Thanks a lot, Clay! I've tried everything you said and pinging myself and the router adress worked just fine, but when i did that to google.com or 72.14.207.99 it failed. I tried the pluging and unpluging thing with no result. As for the information you asked for....I'm using Microsoft Windows XP Professional Edition, version 2002, service pack 2. Thanks again and I'd be grateful if u could guide me through this. ray:


----------



## clay.mcb (Jun 27, 2008)

Kumsa said:


> Thanks a lot, Clay! I've tried everything you said and pinging myself and the router adress worked just fine, but when i did that to google.com or 72.14.207.99 it failed. I tried the pluging and unpluging thing with no result. As for the information you asked for....I'm using Microsoft Windows XP Professional Edition, version 2002, service pack 2. Thanks again and I'd be grateful if u could guide me through this. ray:


Are you using the same modem/router (or just modem) to post to techsupportforum.com? If so, then we know it's not a problem between the modem and ISP. And since you can ping the router, it shouldn't be between your computer and the router.

I'm thinking, since you can't ping Google's address or google.com, that the problem exists between the router and modem. If unplugging and plugging them back in didn't work one way, try unplugging both of them again. This time plug in the router first, then the modem. DHCP can be tricky some times when you have two devices that want to be servers on the same subnet.

If this doesn't help anything - and chances are it won't - then you need to open up the router configuration by clicking this link (192.168.1.1, I'm assuming, is your router address). Also what's the model number and firmware version of your wireless router? D-Link has on their website emulators for viewing access and configuration options for specific devices. I may be able to guide you through it click by click.. :smile:

Anyways, in the router configuration window, go to the Device Info/Status tab and tell us everything you find there. If there's a button to "DHCP Renew", click it then try out the Internet thing (go to google.com).

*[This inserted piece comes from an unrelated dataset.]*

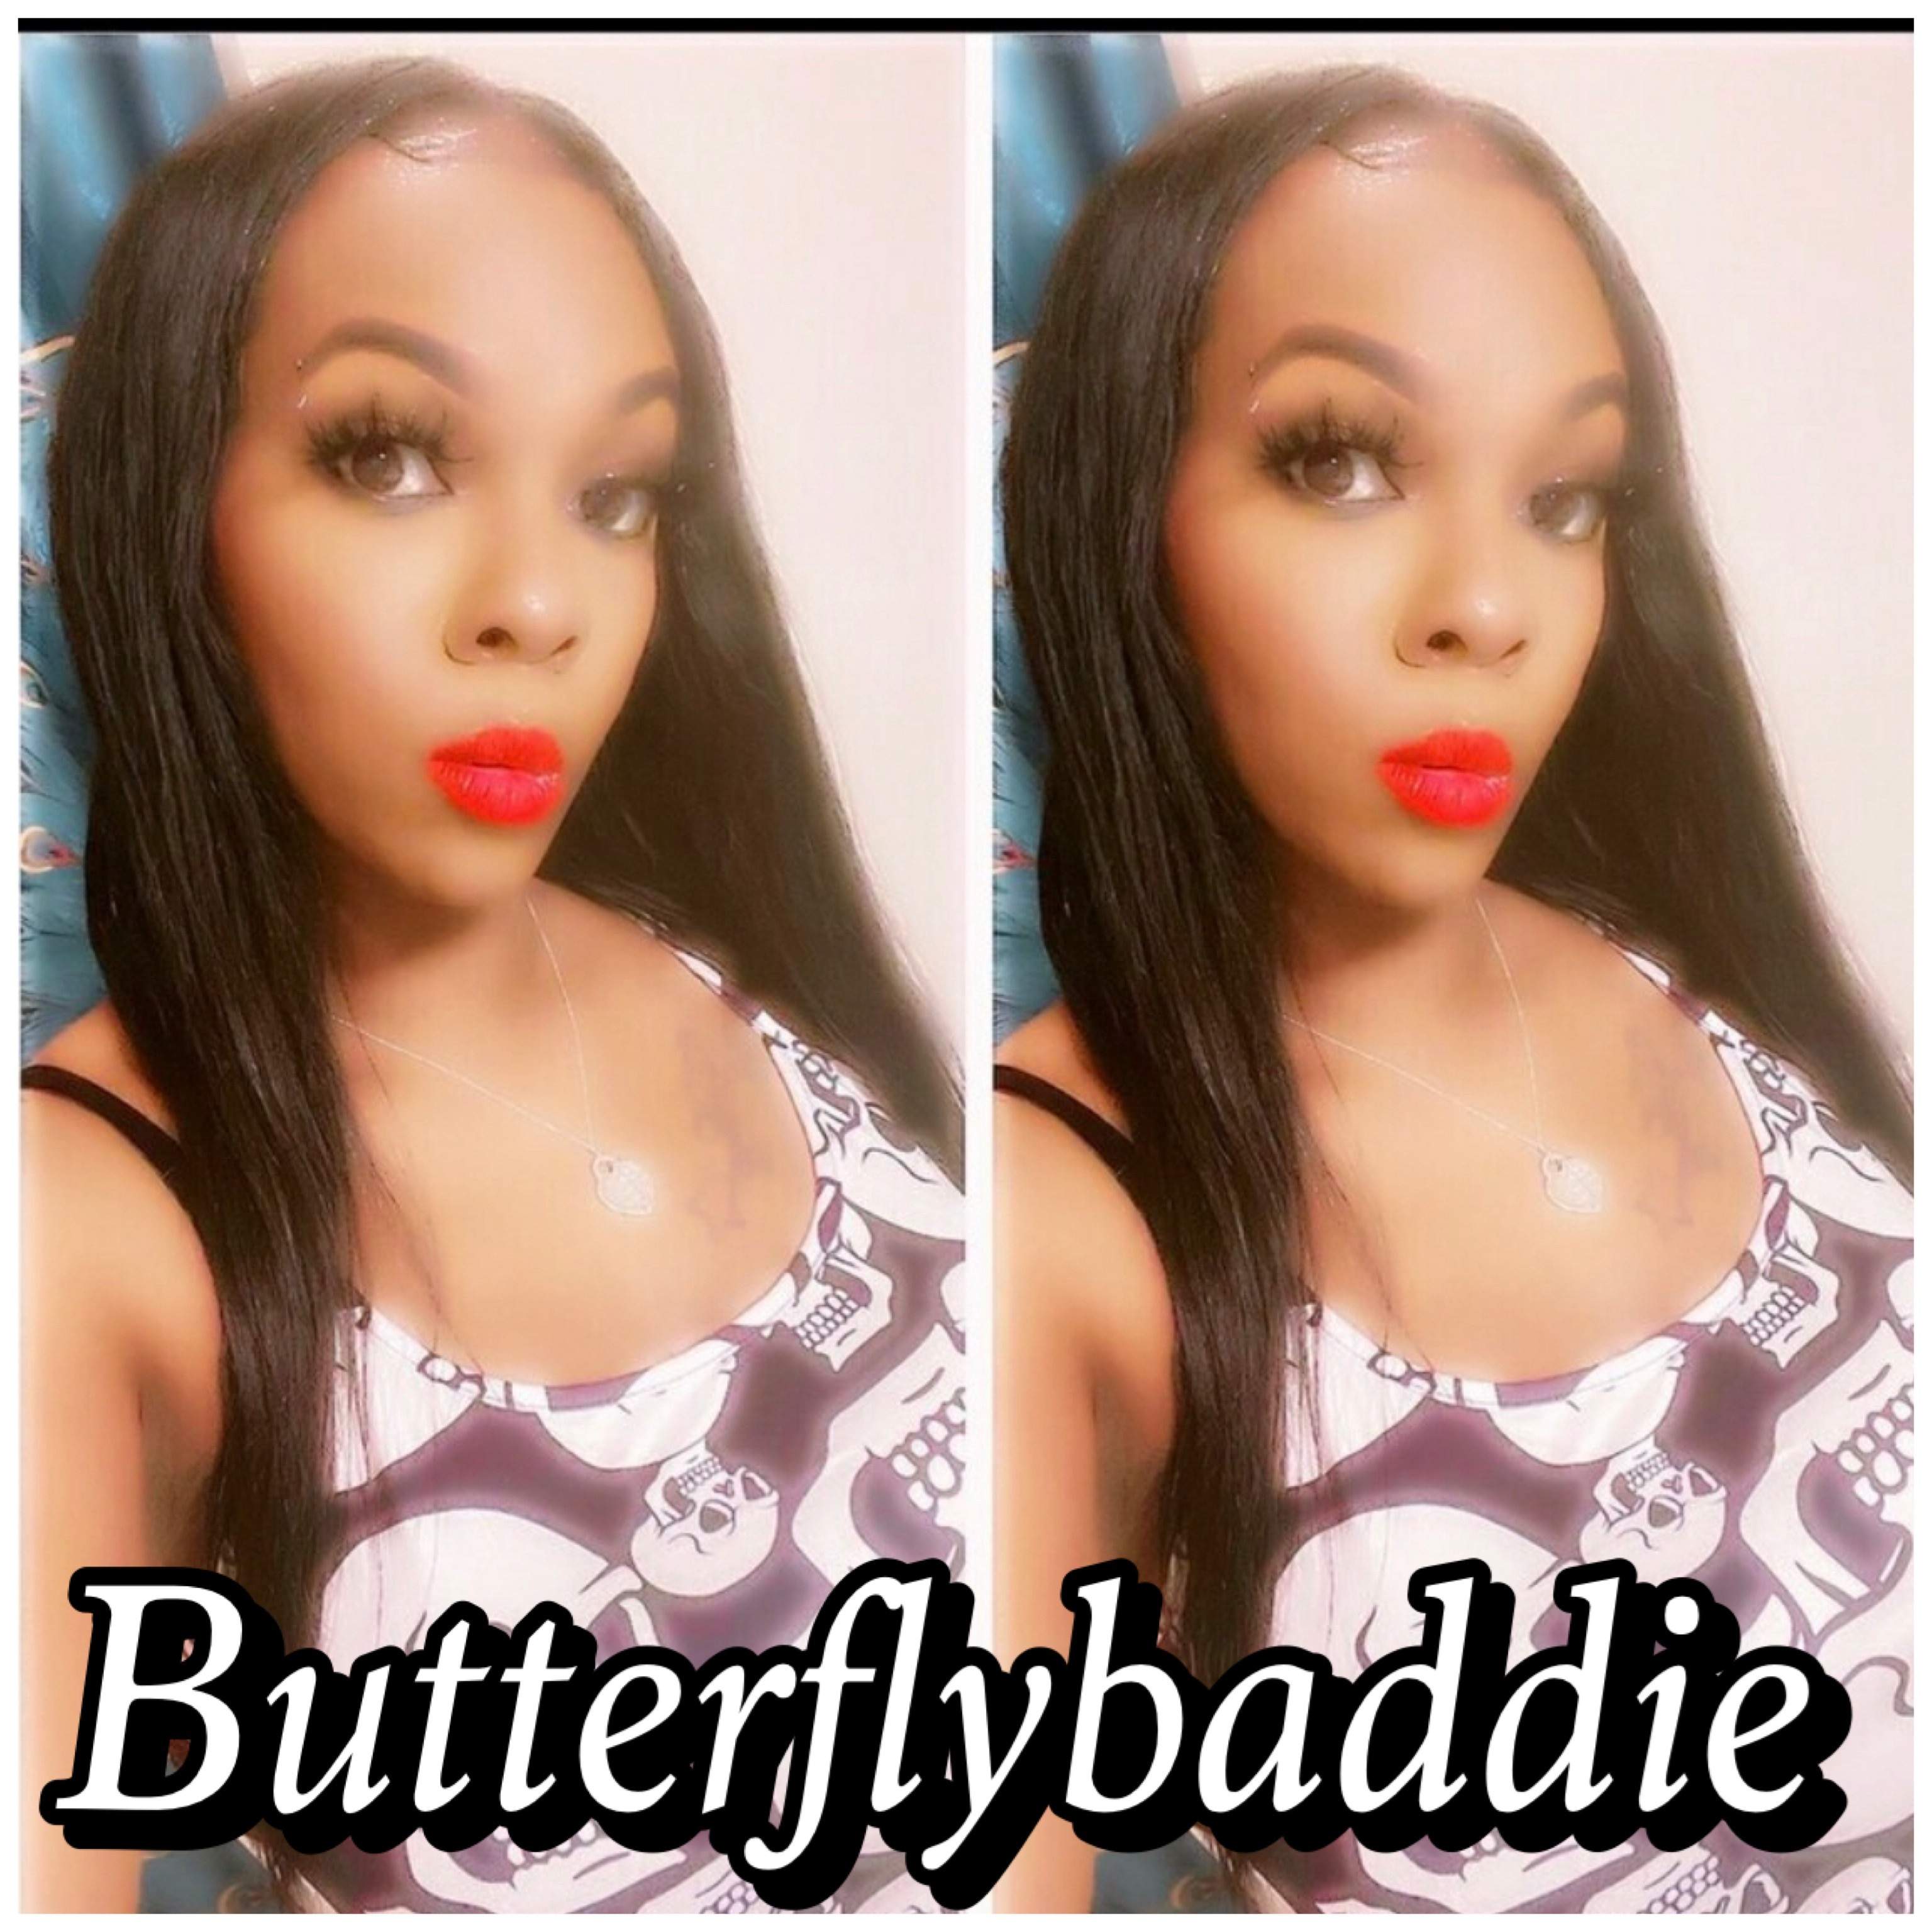 butterflybaddie35
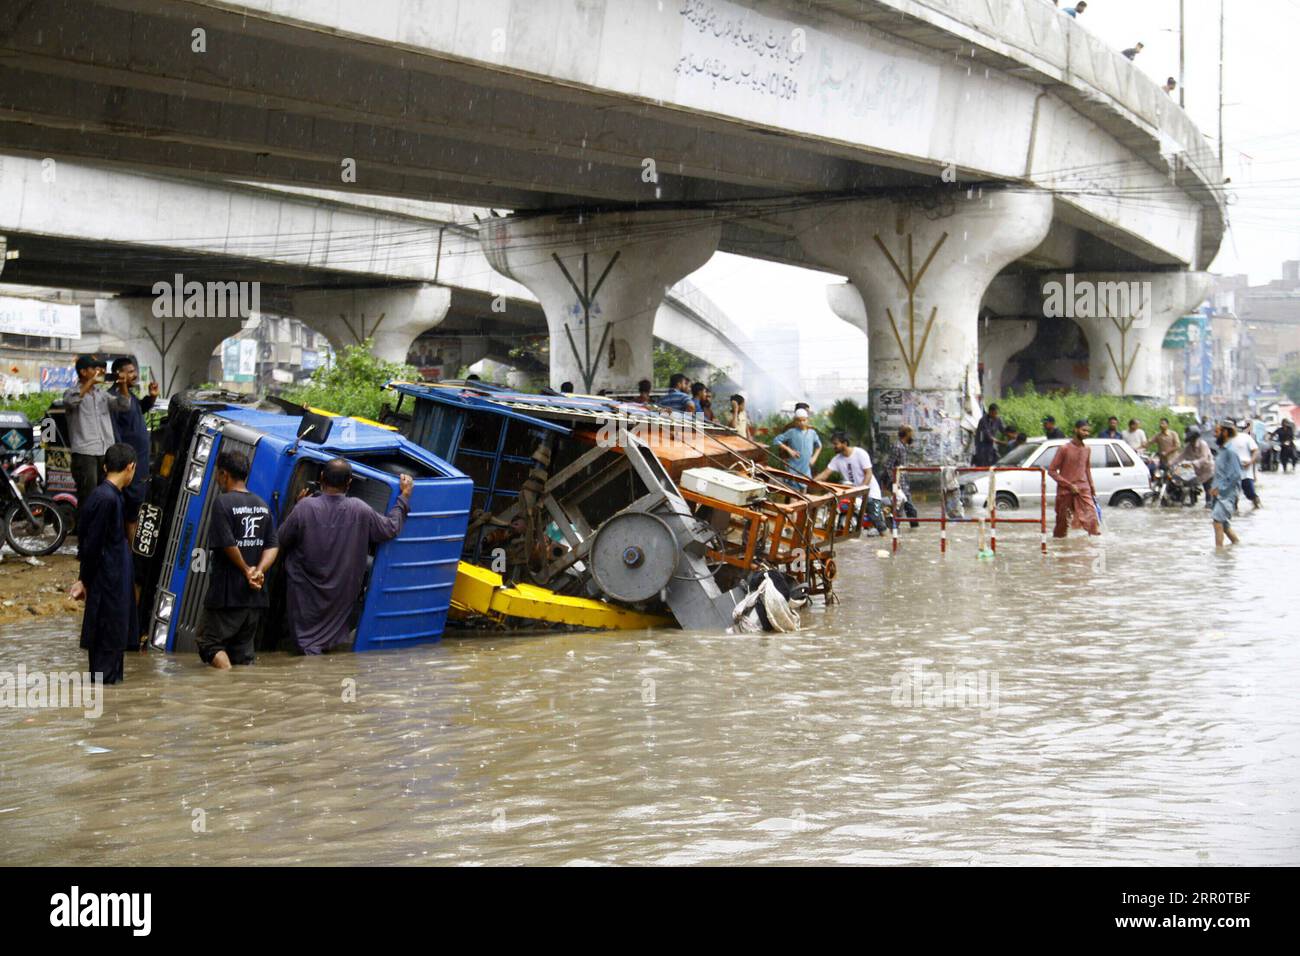 200826 -- KARACHI, 26. August 2020 -- ein umgestürztes Fahrzeug wird nach starkem Monsunregen in der südpakistanischen Stadt Karachi am 25. August 2020 gesehen. Starke Monsunregen haben einen 36 Jahre alten Regensaldo im Monat August in der Hauptstadt Karachi in der südpakistanischen Provinz Sindh gebrochen, sagte das Pakistan Meteorological Department PMD. Die starken Niederschläge haben in mehreren Teilen der Stadt, in denen das Regenwasser Überschwemmungen, überflutete Straßen, Straßen, Fahrzeuge und tief gelegene Gebiete verursachte, Verwüstung verursacht. Bei Regenunfällen, einschließlich Stromschlag und Dacheinsturz, starben ebenfalls vier Personen Stockfoto

Eventually, you may need to set up static IP addresses... But that could end up being a mess. I think you should try to get DHCP working between the router and the modem, if it's possible.

At this point we, the techs here at techsupportforum, need more information about your setup:

Router model number and firmware version
Modem model number and firmware version
The output of the command ipconfig /all
The output of the command arp -a after pinging everything you can...
How are you connecting to the Internet now?
Does it work when you're plugged into the router as opposed to connecting wirelessly?
The more information you provide, the more we may be able to help.

Regards.


----------



## Kumsa (Jun 27, 2008)

This is getting tricky. I can see you have strong knowledge in neworking, but i don't, and i can hardly understand what i am supposed to do. I guess i'll just buy another router or have someone taking a look at this one. Thanks a lot and sorry for wasting your time.


----------



## clay.mcb (Jun 27, 2008)

Chances are that buying a new or used Linksys WRT54G, the home networking standard, is going to be slightly cheaper than hiring somebody to fix your current setup. Plus Linksys routers are more reliable than any D-Link in production... Oh, and a lot more people have a lot more experience with using (and fixing) Linksys routers over any other brand (except maybe Cisco).

Hence, my original suggestion. Drop me an email if you have any more questions.


----------



## lazareth1 (Jan 10, 2005)

Before you go get a new router, try updating the firmware. This may solve any known issues.


----------



## Kumsa (Jun 27, 2008)

I made it! I can now surf the internet with my notebook,the wireless connection works just fine, but i can't connect to the internet anymore by using my desktop pc. The Ethernet cable which came with the router is connected to the router's LAN port and to my PC ethernet port, the router's WAN port is connected to modem's ehternet port, but i still can't tell what's wrong :normal:


----------



## lazareth1 (Jan 10, 2005)

Strange turn of events! Can we have a ipconfig /all from the desktop PC?


----------



## Kumsa (Jun 27, 2008)

Ethernet adapter Local Area Connection
==============================
Connection-specific DNS Suffix...... : fttb.severin.rdsnet.ro
IP Address..................................: 10.10.4.74
Subnet Mask...............................: 255.255.252.0
Default Gateway..........................: 

PPP Adapter RDS Severin (my connection's name)
======================================
Connection-specific DNS Suffix.......... : 
IP Address......................................: 82.79.160.177
Subnet Mask...................................: 255.255.255.255
Default Gateway..............................: 82.79.160.177


----------



## Kumsa (Jun 27, 2008)

Does this help you?


----------



## clay.mcb (Jun 27, 2008)

This should be your ethernet port connected to the router.


Kumsa said:


> Ethernet adapter Local Area Connection
> ==============================
> Connection-specific DNS Suffix...... : fttb.severin.rdsnet.ro
> IP Address..................................: 10.10.4.74
> ...


Looks to me like you need a gateway (the thing that you computer forwards its traffic through). That subnet mask allows for 1,022 hosts (your laptop, your desktop, and your router... so, as long as the number is greater than 3, you're in good shape).

You need to set your Default Gateway to whatever the router's address is.

Again, the router should be DHCP enabled, as should your computer. So... Restart your desktop (or just run the command ipconfig /renew) and the router should give you the config you need. If it doesn't, I guess you'll need to set it up statically... Desktop computers usually don't move around much, so this is acceptable.


-----
I'm not sure what this is for:


Kumsa said:


> PPP Adapter RDS Severin (my connection's name)
> ======================================
> Connection-specific DNS Suffix.......... :
> IP Address......................................: 82.79.160.177
> ...


In the event that this is your connection (and not just a loopback), you seem to be using yourself as your gateway... this will get you nowhere. Oh, and that subnet mask only allows for one address.. so I doubt this is the one you'll connect to the Internet from.


----------